*** Opening Data to use ***

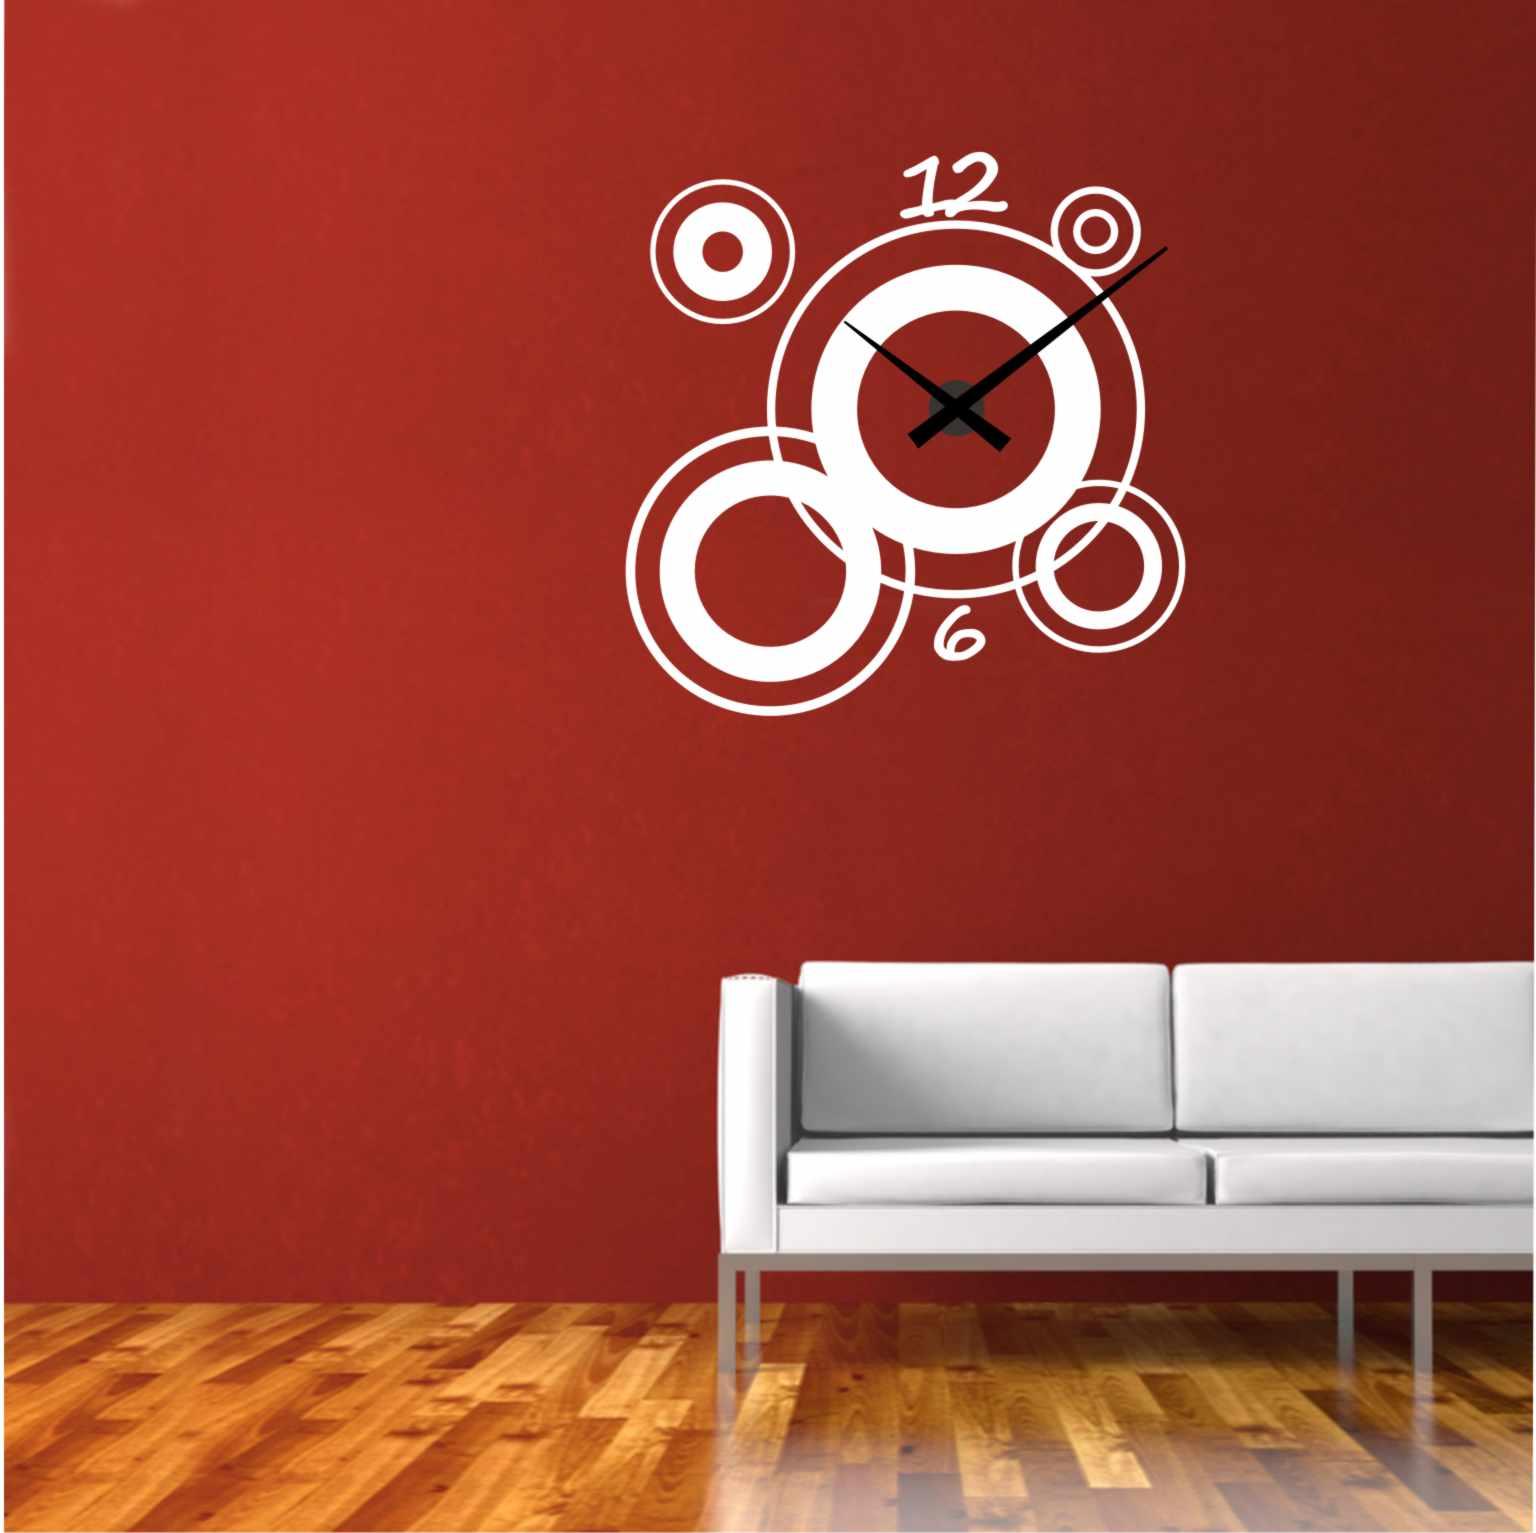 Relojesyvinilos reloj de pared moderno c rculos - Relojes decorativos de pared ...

*** Closing Data to use ***
*** Opening Data to use ***

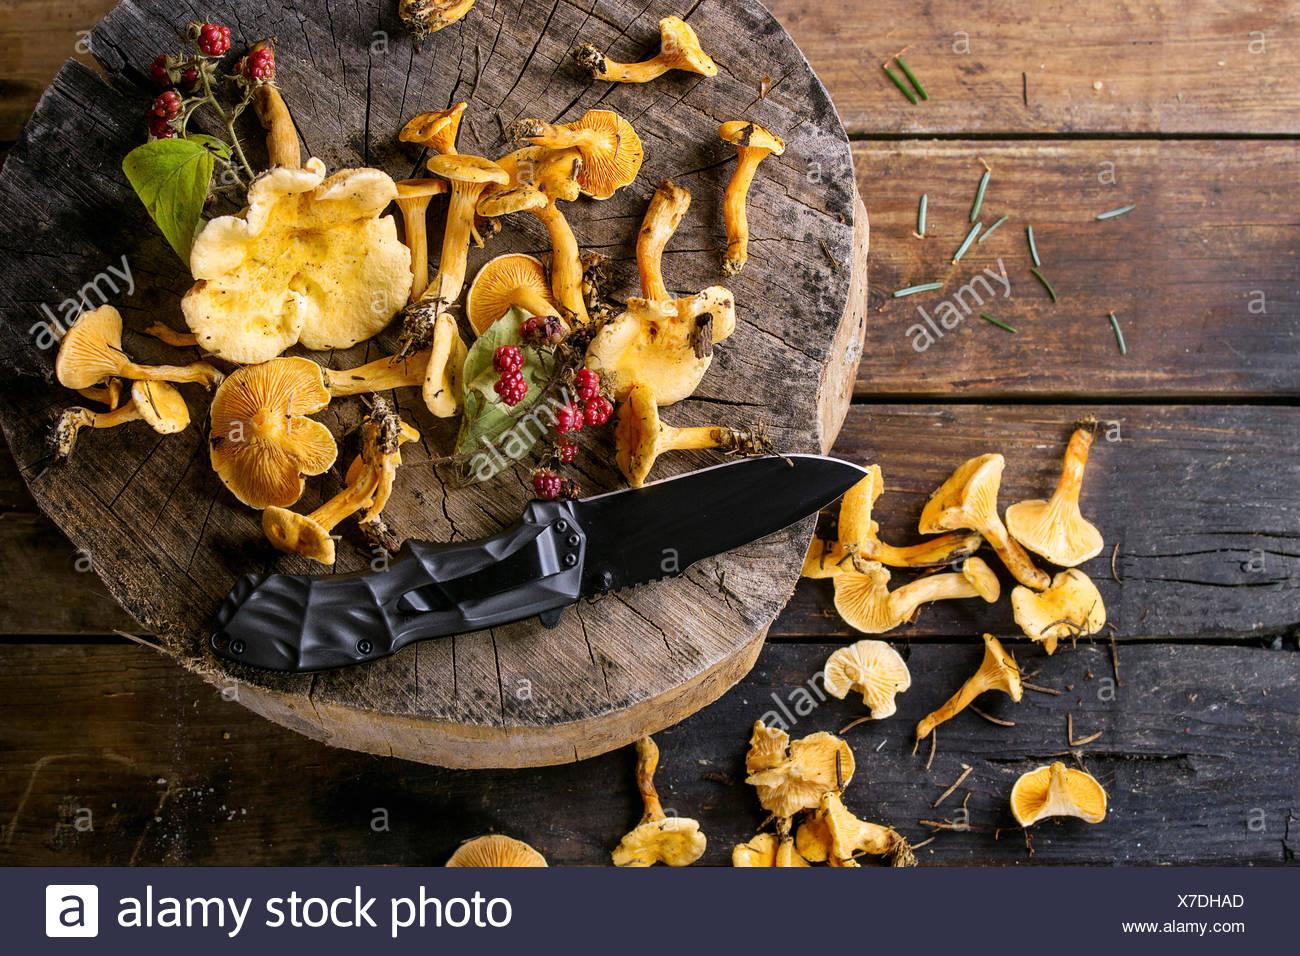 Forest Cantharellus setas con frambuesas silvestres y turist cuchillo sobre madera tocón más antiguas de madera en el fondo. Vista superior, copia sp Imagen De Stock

*** Closing Data to use ***
*** Opening Data to use ***

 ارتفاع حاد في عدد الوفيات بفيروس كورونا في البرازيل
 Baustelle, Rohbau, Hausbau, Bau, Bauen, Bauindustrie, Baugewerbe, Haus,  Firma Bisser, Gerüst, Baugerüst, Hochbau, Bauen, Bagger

*** Closing Data to use ***

**Exercise:**
Give only the lines from the one holding "ارتفاع حاد في" through the one holding "Hochbau, Bauen, Bagger", each restated exactly as it appears above.

**Output for this exercise:**
 ارتفاع حاد في عدد الوفيات بفيروس كورونا في البرازيل
 Baustelle, Rohbau, Hausbau, Bau, Bauen, Bauindustrie, Baugewerbe, Haus,  Firma Bisser, Gerüst, Baugerüst, Hochbau, Bauen, Bagger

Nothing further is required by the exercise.